My application is dependent on reading depth information back from the framebuffer. I've implemented this with glReadPixels(0, 0, width, height, GL_DEPTH_COMPONENT, GL_FLOAT, &depth_data)
However this runs unreasonable slow, it brings my application from a smooth 30fps to a laggy 3fps.

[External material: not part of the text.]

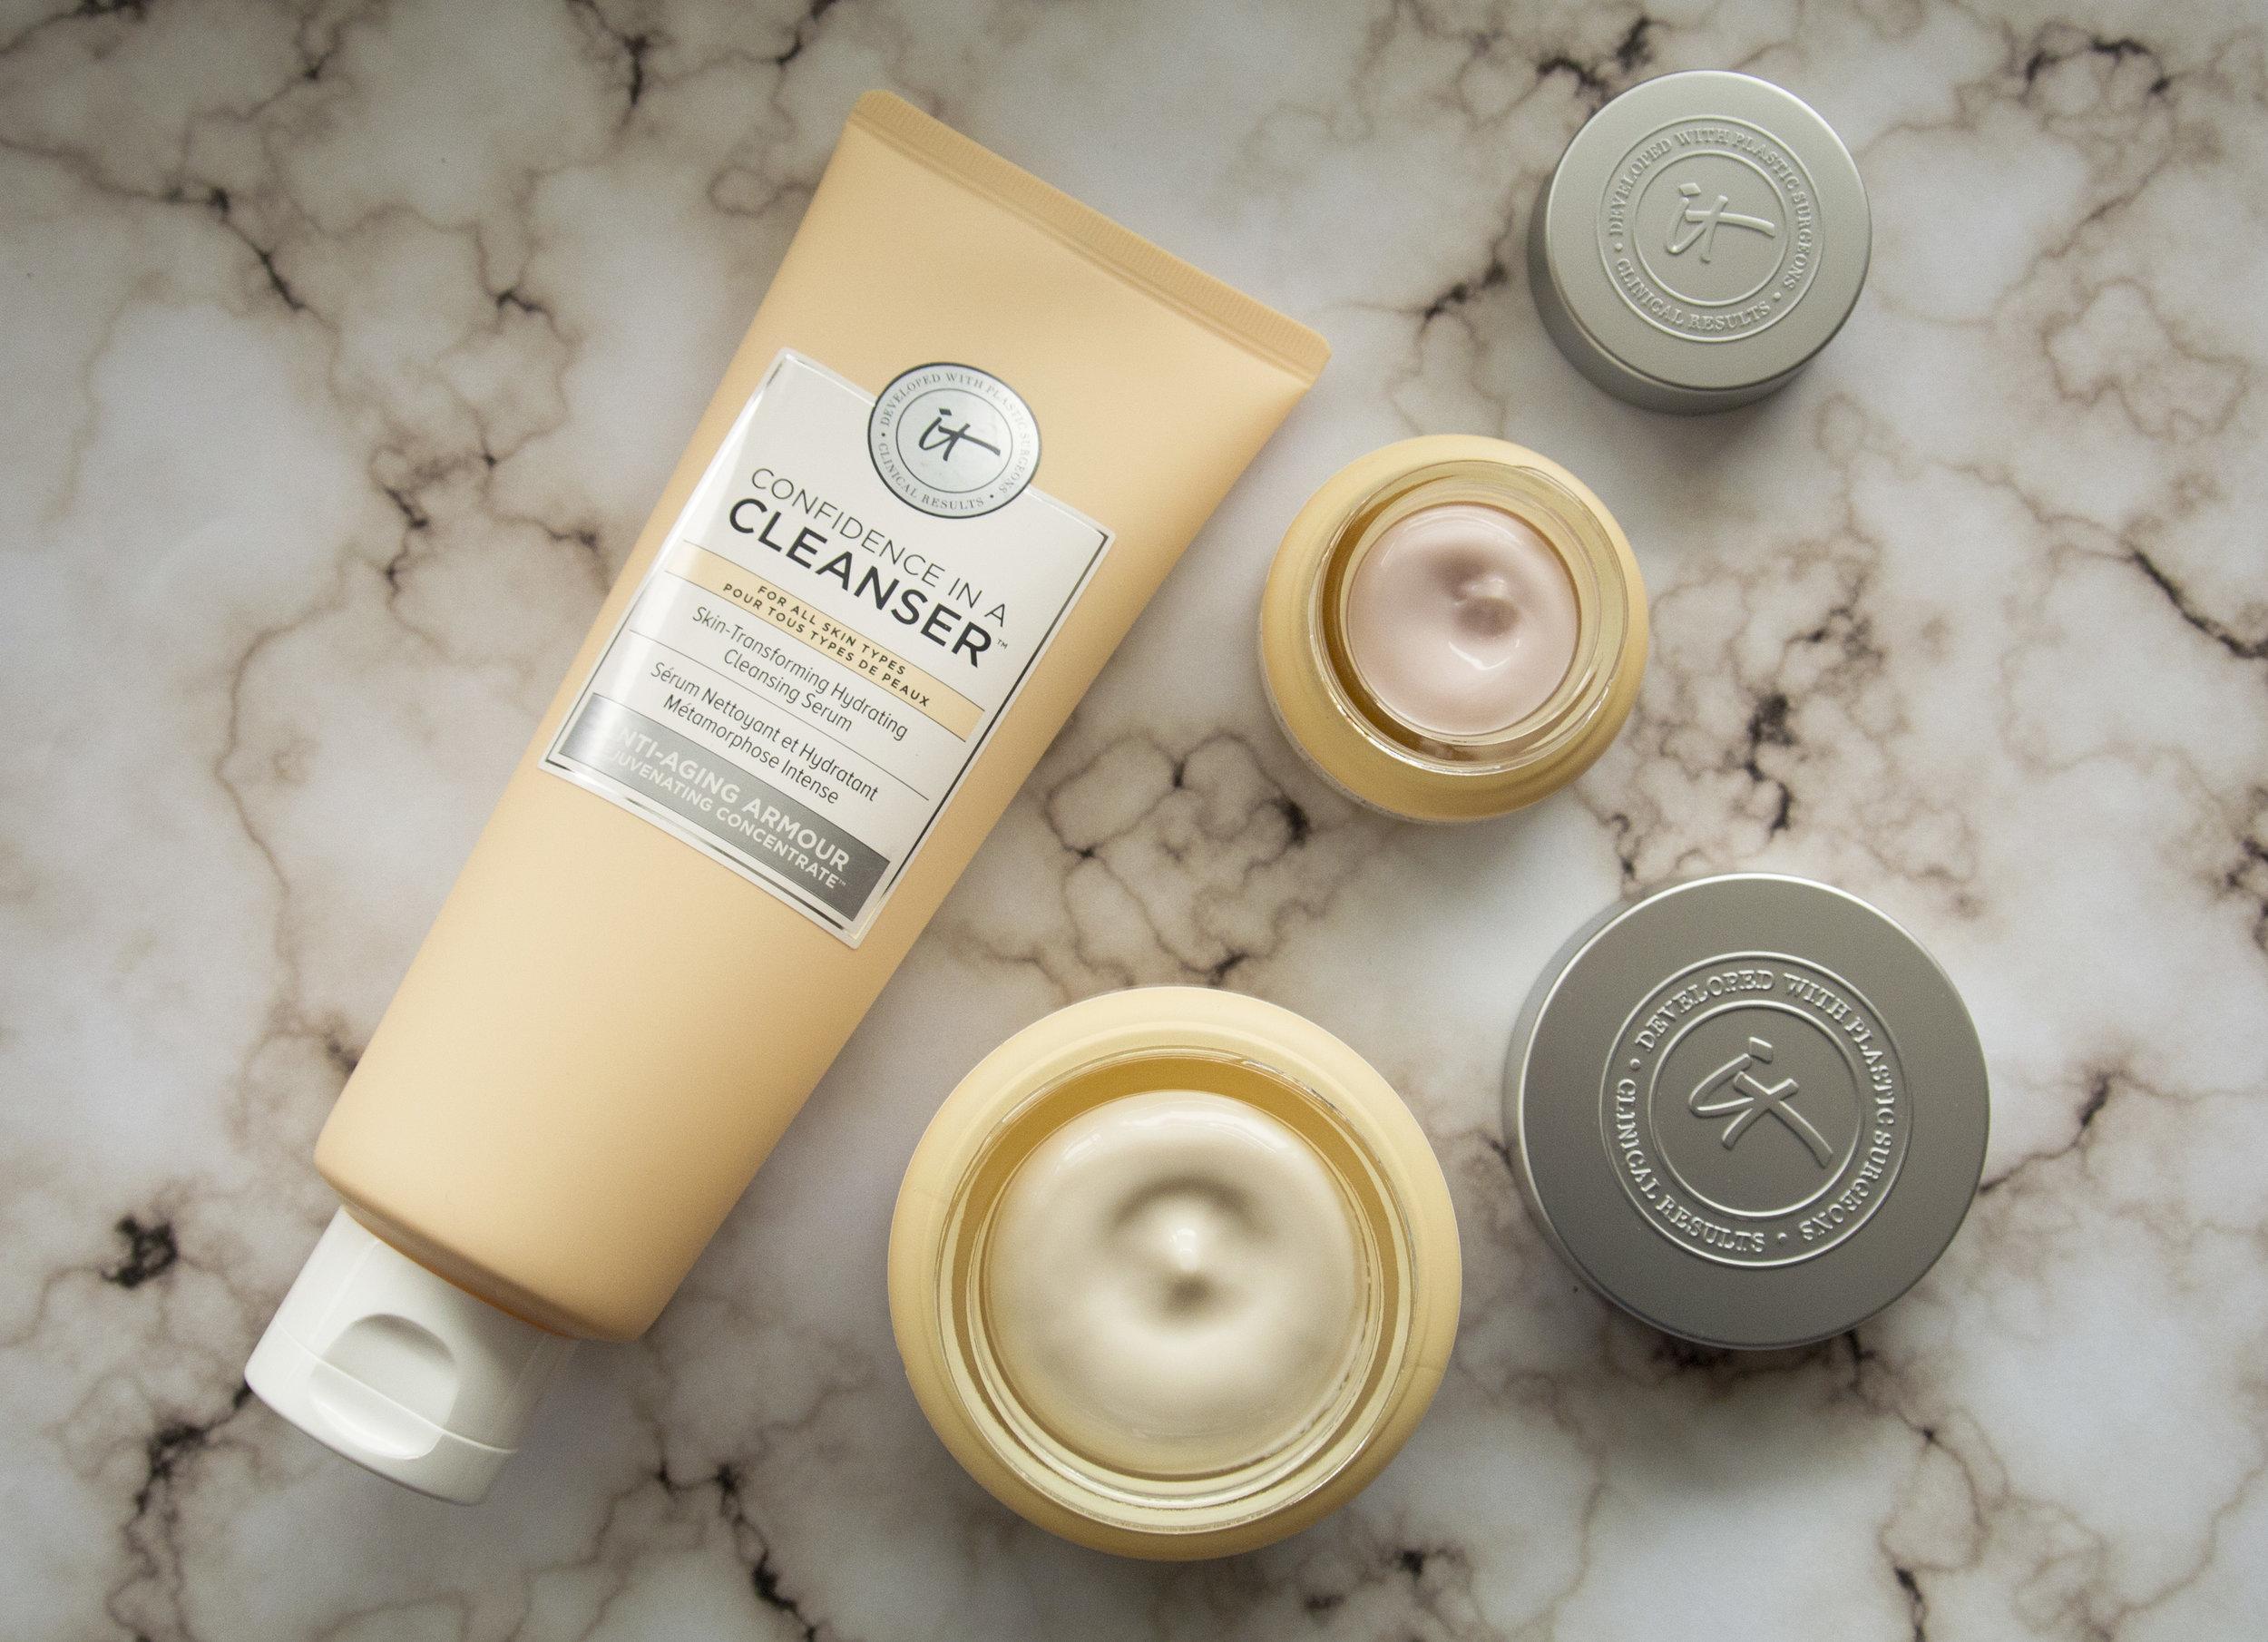 It-Cosmetics-Confidence-Skincare-Swirl.jpg

If I try to other dimensions or data to read back it runs on an acceptable level.
To give an overview:
- No glReadPixels -> 30 frames per second
- glReadPixels(0, 0, 1, 1, GL_DEPTH_COMPONENT, GL_FLOAT, &depth_data); -> 20 frames per second, acceptable
- glReadPixels(0, 0, width, height, GL_RED, GL_FLOAT, &depth_data); -> 20 frames per second, acceptable
- glReadPixels(0, 0, width, height, GL_DEPTH_COMPONENT, GL_FLOAT, &depth_data); -> 3 frames per second, not acceptable
Why should the last one be so slow compared to the other calls? Is there any way to remedy it?
width x height is approximately 100 x 1000, the call gets increasingly slower as I increase the dimensions.
I've also tried to use pixel buffer objects but this has no significant effect on performance, it only delays the slowness till the glMapBuffer() call.
(I've test开发者_运维技巧ed this on a MacBook Air nVidia 320m graphics OS X 10.6, strangely enough my old MacBook Intel GMA x3100 got ~15 fps reading the depth buffer.)
UPDATE: leaving GLUT_MULTISAMPLE out of the glutInitDisplayMode options made a world of difference bringing the application back to a smooth 20fps again. I don't know what the option does in the first place, can anyone explain?
If your main framebuffer is MSAA-enabled (GLUT_MULTISAMPLE is present), then 2 actual framebuffers are created - one with MSAA and one regular.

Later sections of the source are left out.